The article states Youngstown's 'approach is controversial.'

By DAVID SKOLNICK

CITY HALL REPORTER

YOUNGSTOWN — The Youngstown 2010 citywide plan that includes controlled shrinkage of the city was featured in a front-page story in The Wall Street Journal.

This is the latest national publication to focus on the economic revitalization plan that focuses on demolishing abandoned and dilapidated structures in the city and replacing them with green space.

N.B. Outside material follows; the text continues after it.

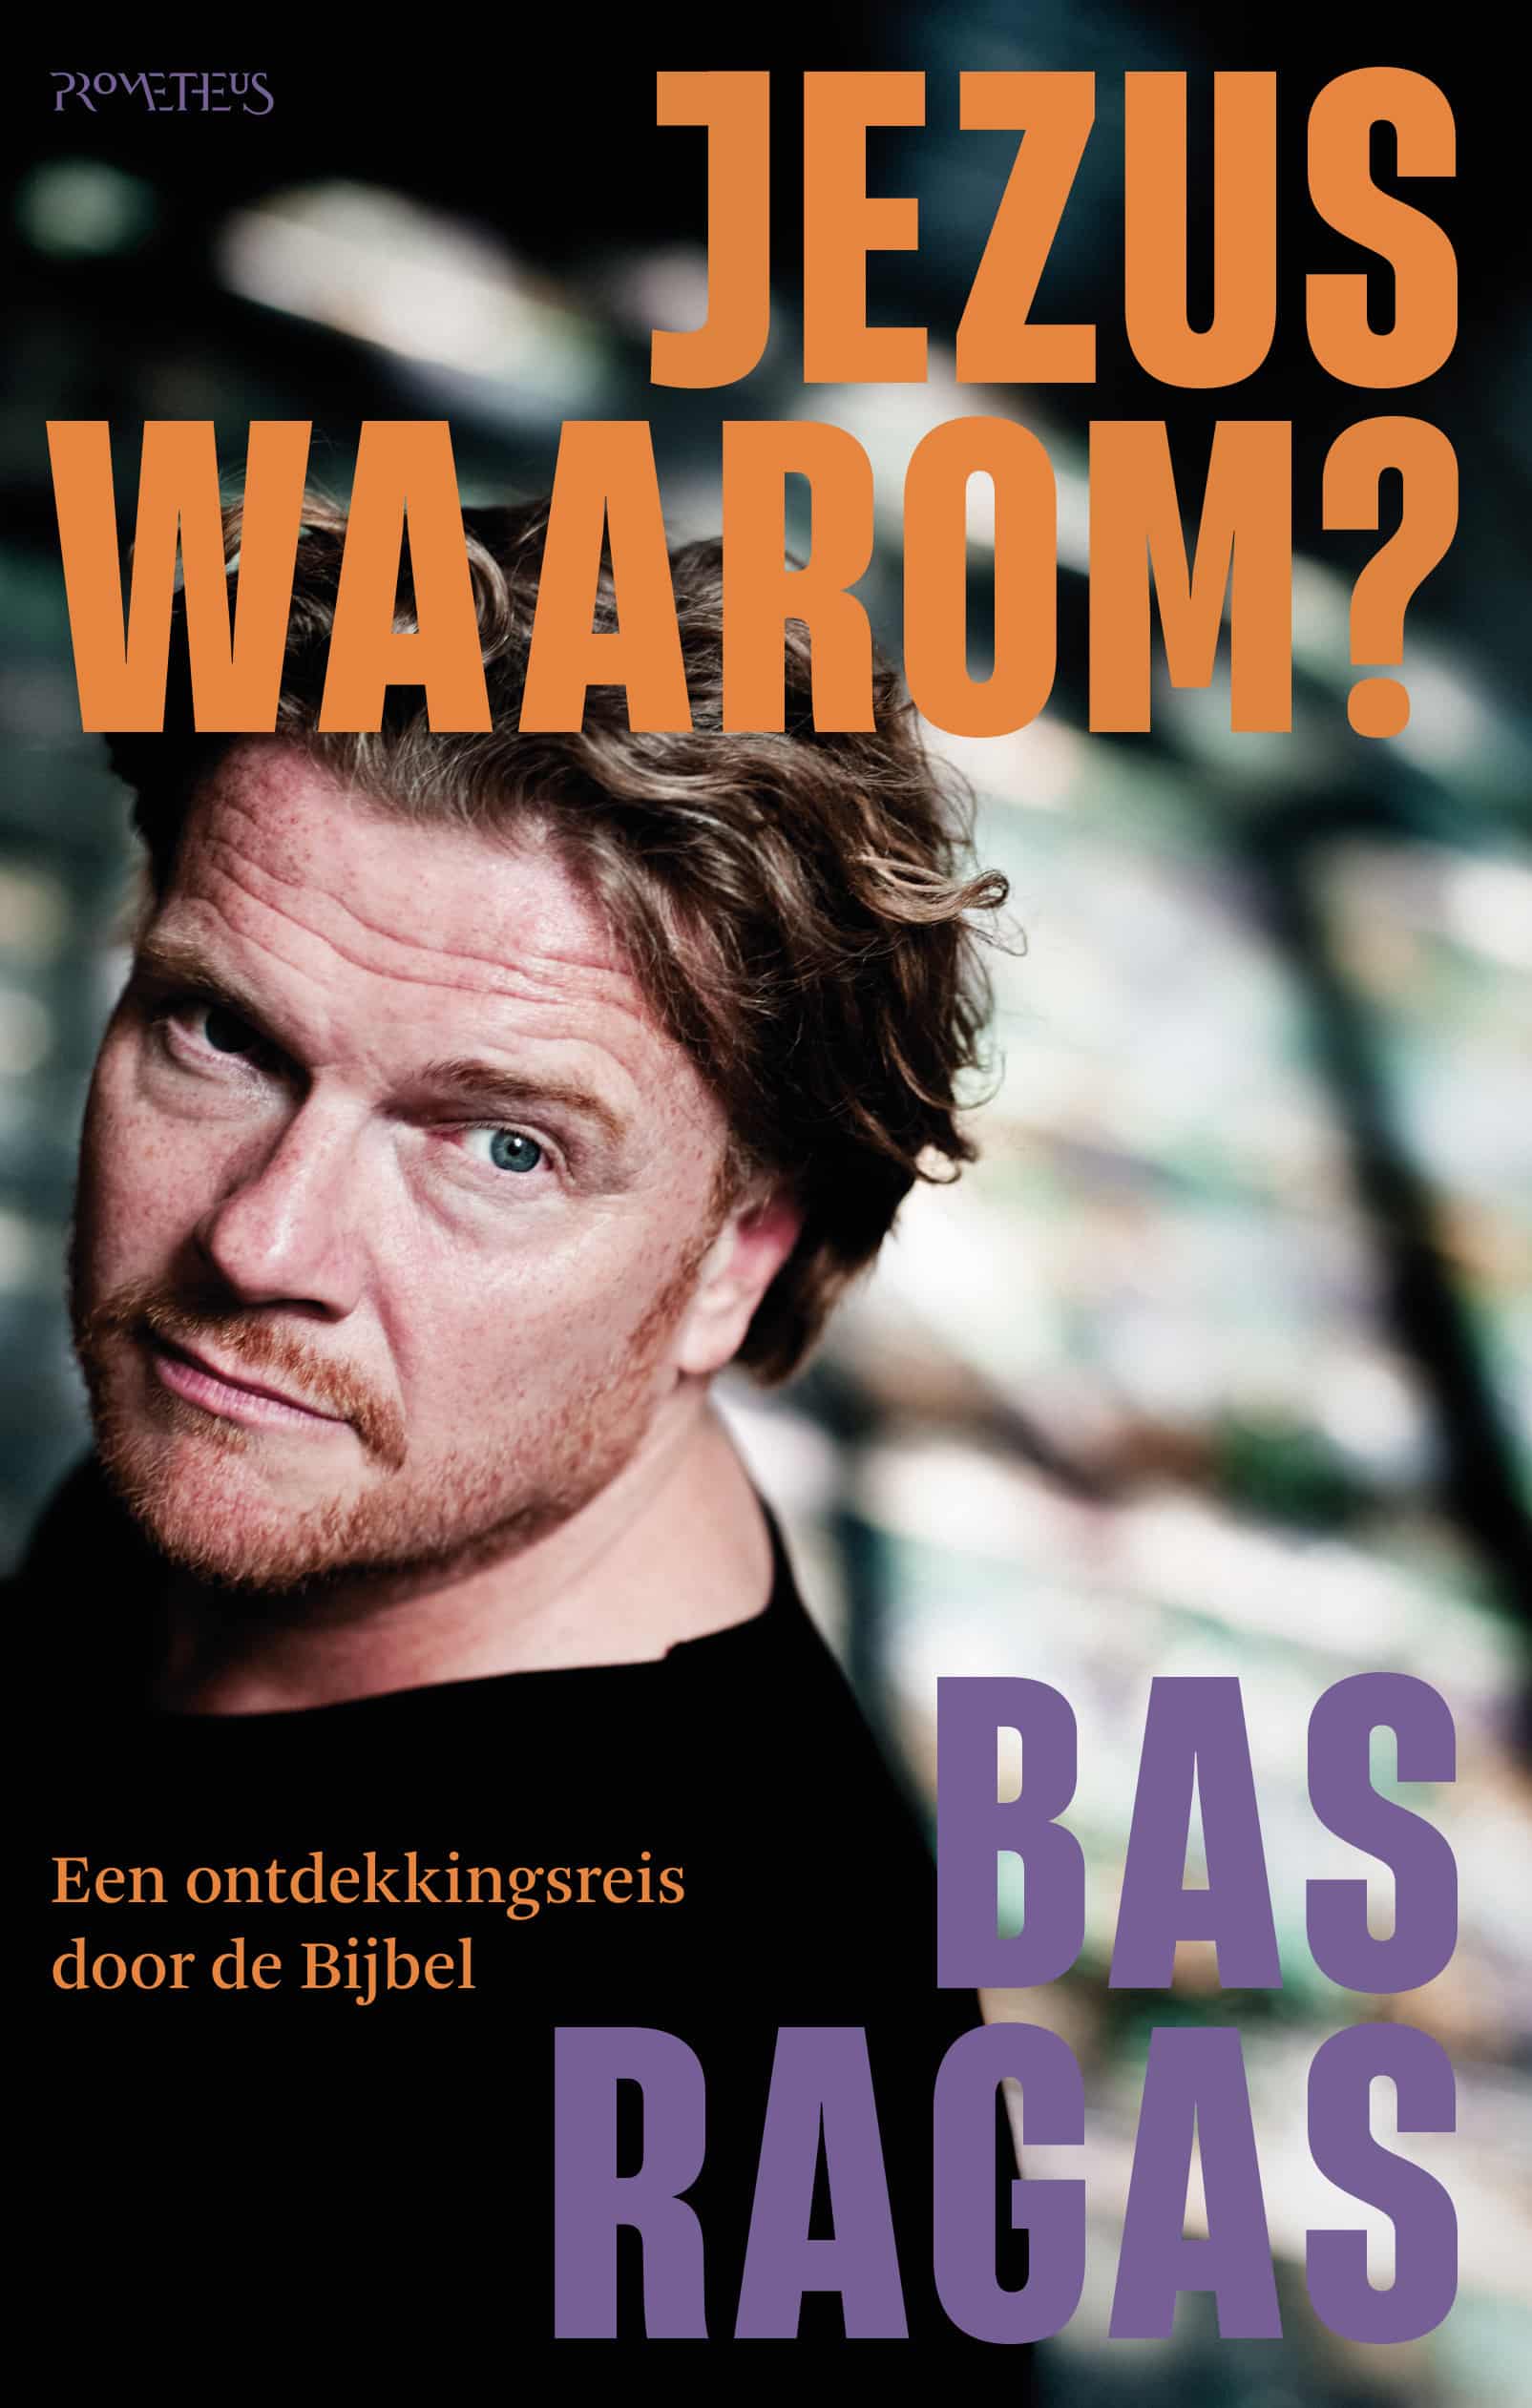 Bas Ragas en Ad van Nieuwpoort presenteren hun boek ‘Jezus, waarom?’

The article ran Thursday.

The plan received praise as one of the 74 best ideas in an article in The New York Times Magazine, and has also been featured in USA Today as well as Metropolis and Governing magazines.

The plan has won a number of state and national awards including the American Planning Association's 2007 National Planning Excellence Award for Public Outreach.

The Journal states talk by Youngstown officials about embracing more open space and accepting the reality that the city's population is going to shrink "would be considered blasphemy in most cities."

How plan differs

Officials in most urban cities are taught to promote growth and development and fight population decline, and Youngstown's "approach is controversial," according to the article.

Mayor Jay Williams is quoted in the article saying: "The concept of trying to grow out of economic malaise is just not realistic for us."

Though the article is about the city's implementation of Youngstown 2010, the plan is never mentioned by name.

The city held 11 neighborhood meetings in 2004 to help shape the plan with about 5,000 people participating in the process. City council officially adopted the plan last year.

To date, the most significant aspect of the plan to be implemented is the demolition of abandoned structures. The city razed 400 buildings, most of them residential houses, last year and plans to take down about the same number this year.